= TASK BRIEF =
Every line of the listing is returned unchanged, and every picture is dropped.

= COLLECTED MATERIAL =

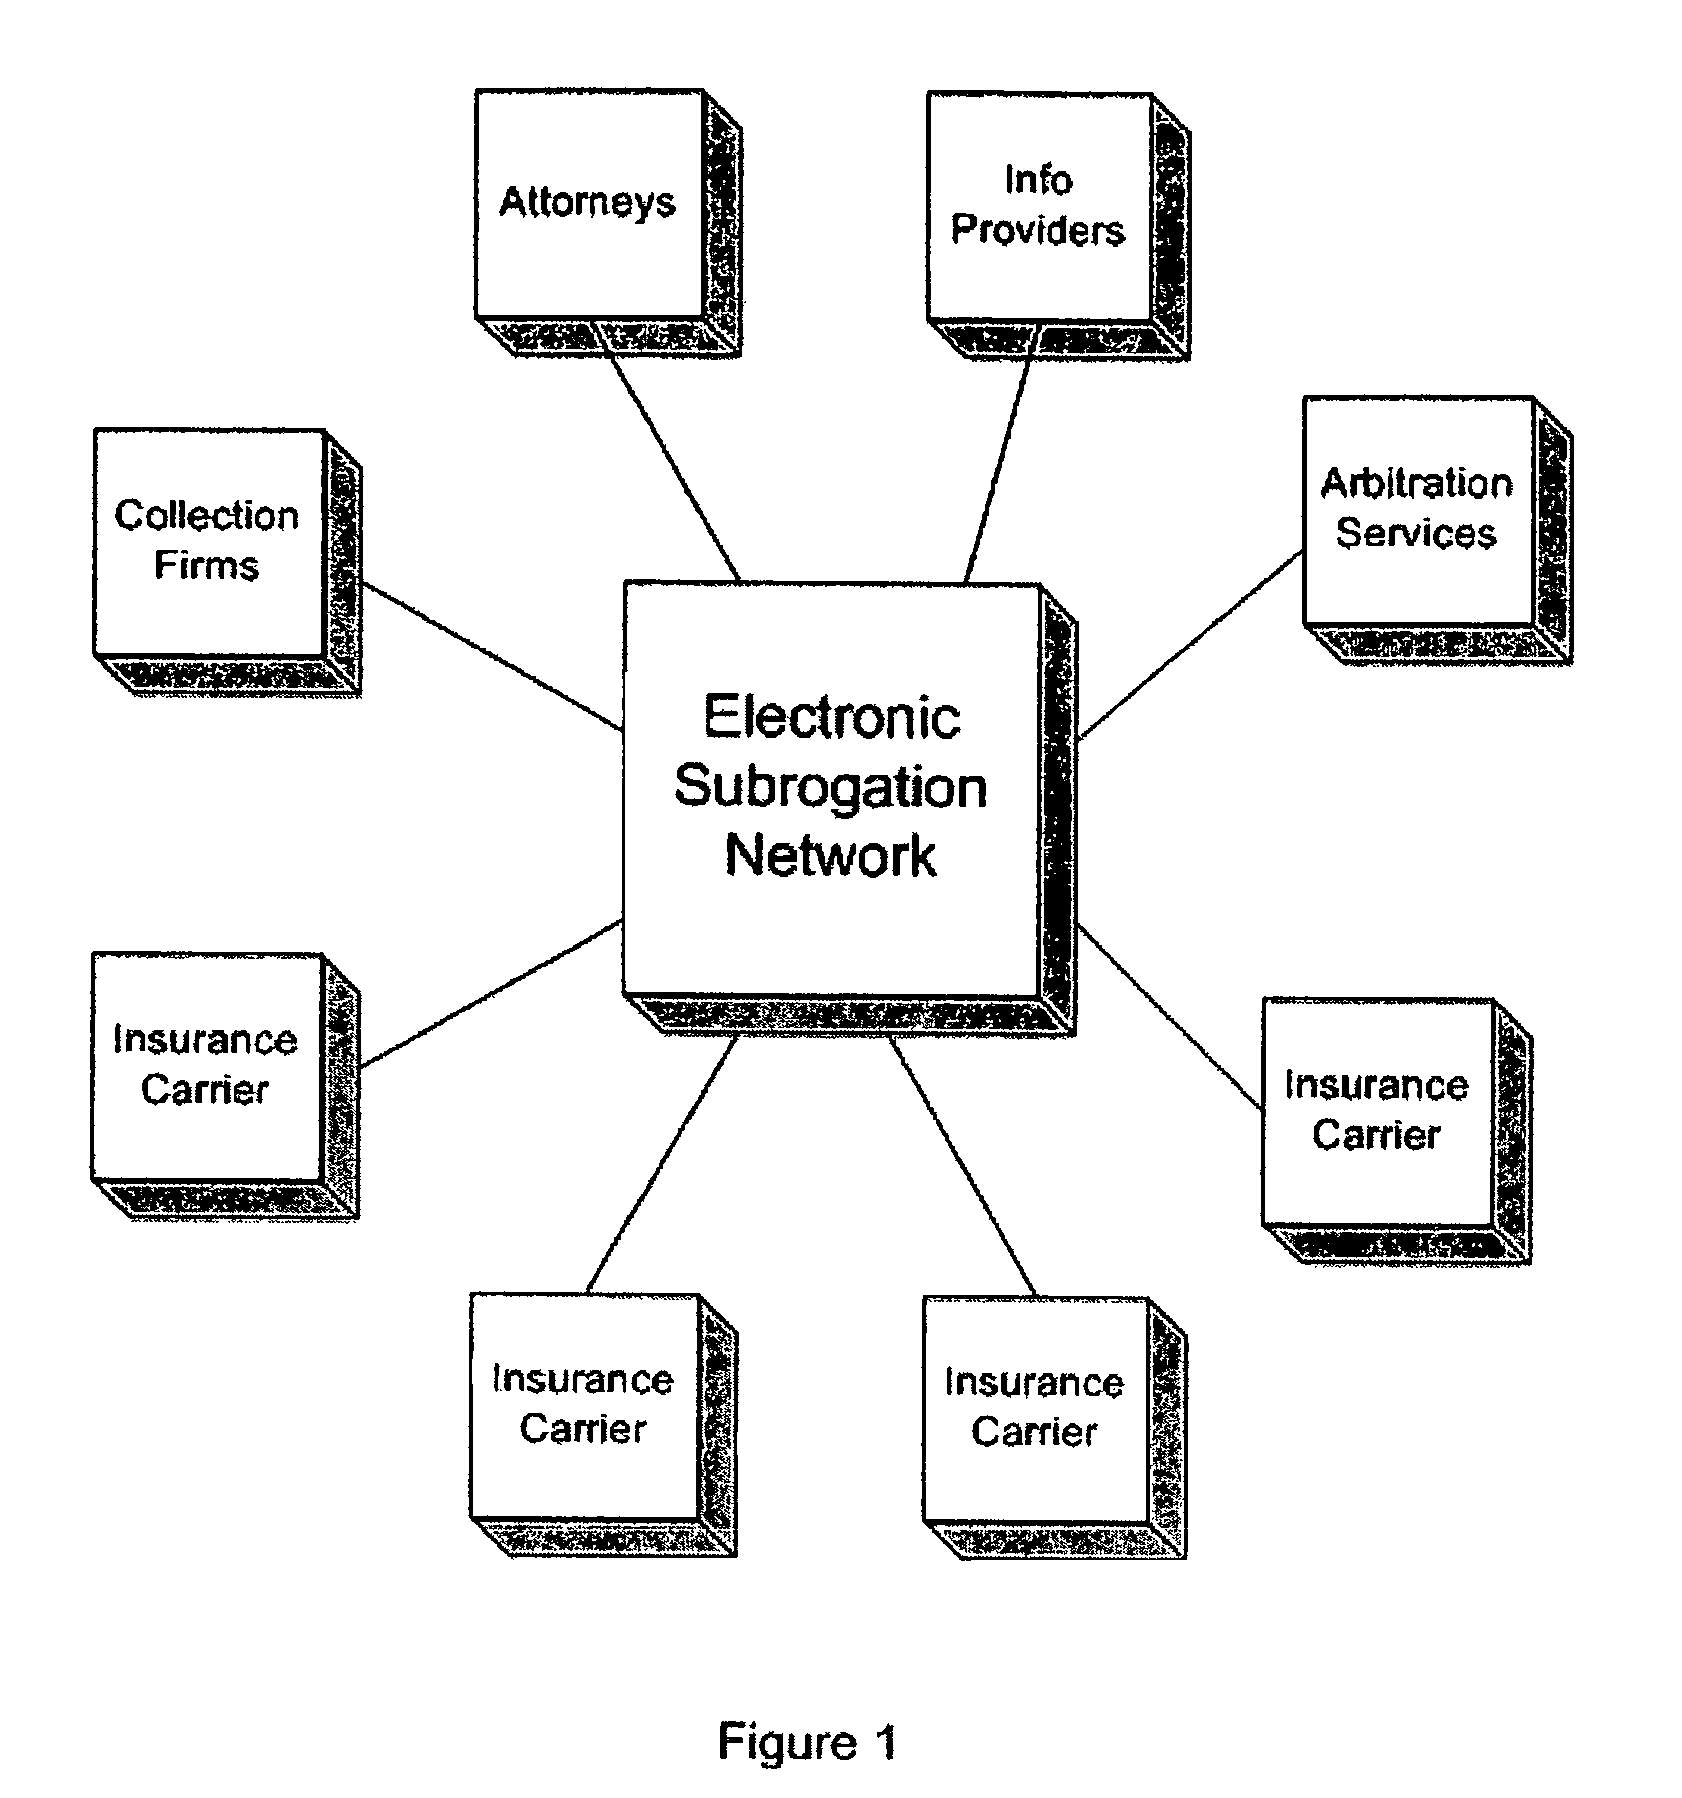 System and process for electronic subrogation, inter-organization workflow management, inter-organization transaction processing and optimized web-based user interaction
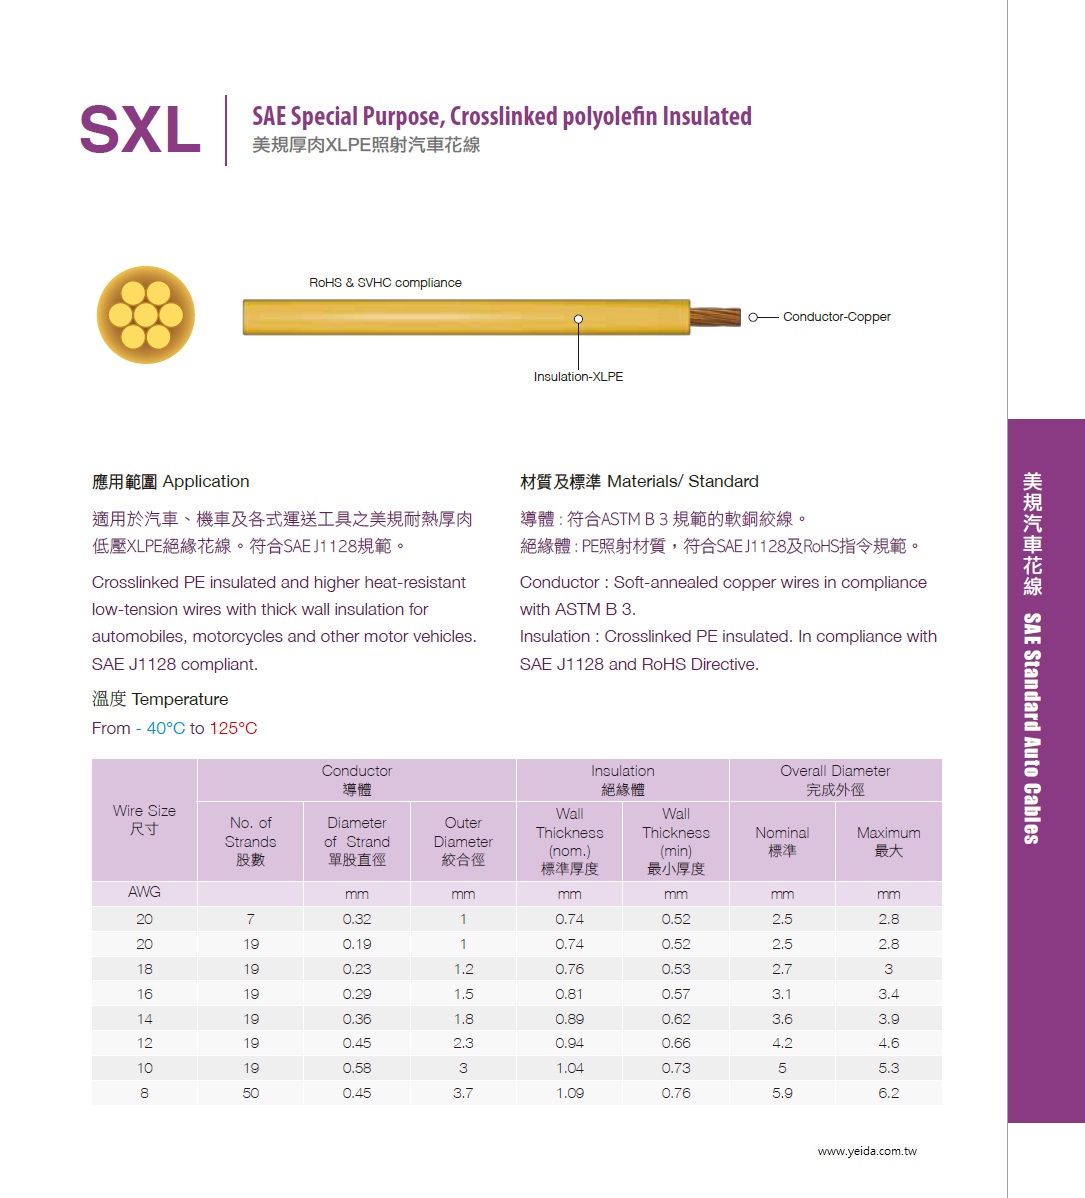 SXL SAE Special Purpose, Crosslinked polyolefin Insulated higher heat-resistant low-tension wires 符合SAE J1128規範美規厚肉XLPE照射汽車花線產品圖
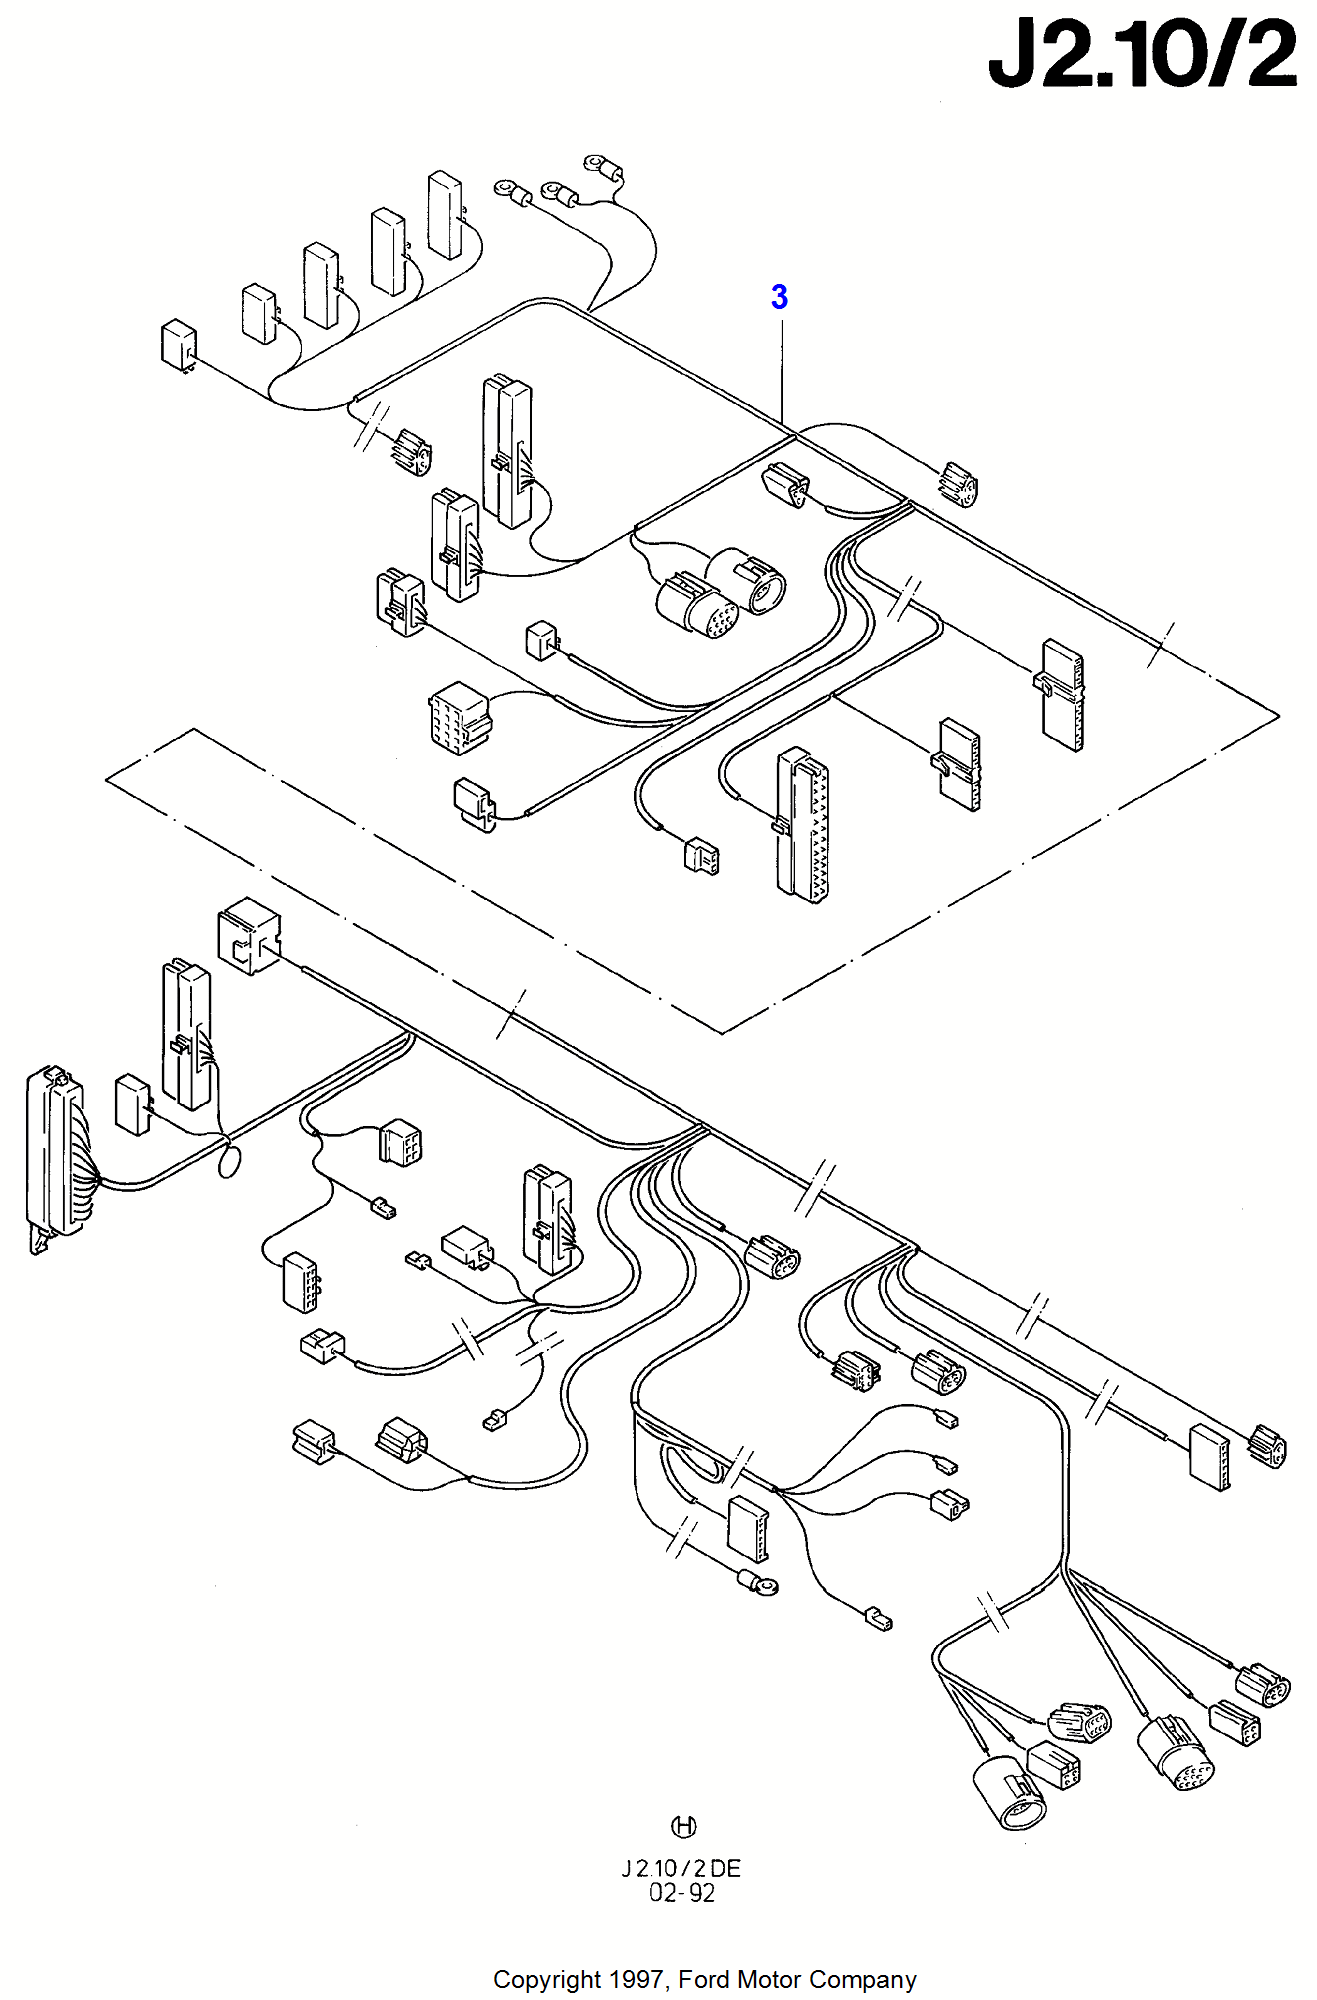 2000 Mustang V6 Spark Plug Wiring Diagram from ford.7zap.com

= ANSWER BOX =
 System and process for electronic subrogation, inter-organization workflow management, inter-organization transaction processing and optimized web-based user interaction
 SXL SAE Special Purpose, Crosslinked polyolefin Insulated higher heat-resistant low-tension wires 符合SAE J1128規範美規厚肉XLPE照射汽車花線產品圖
 2000 Mustang V6 Spark Plug Wiring Diagram from ford.7zap.com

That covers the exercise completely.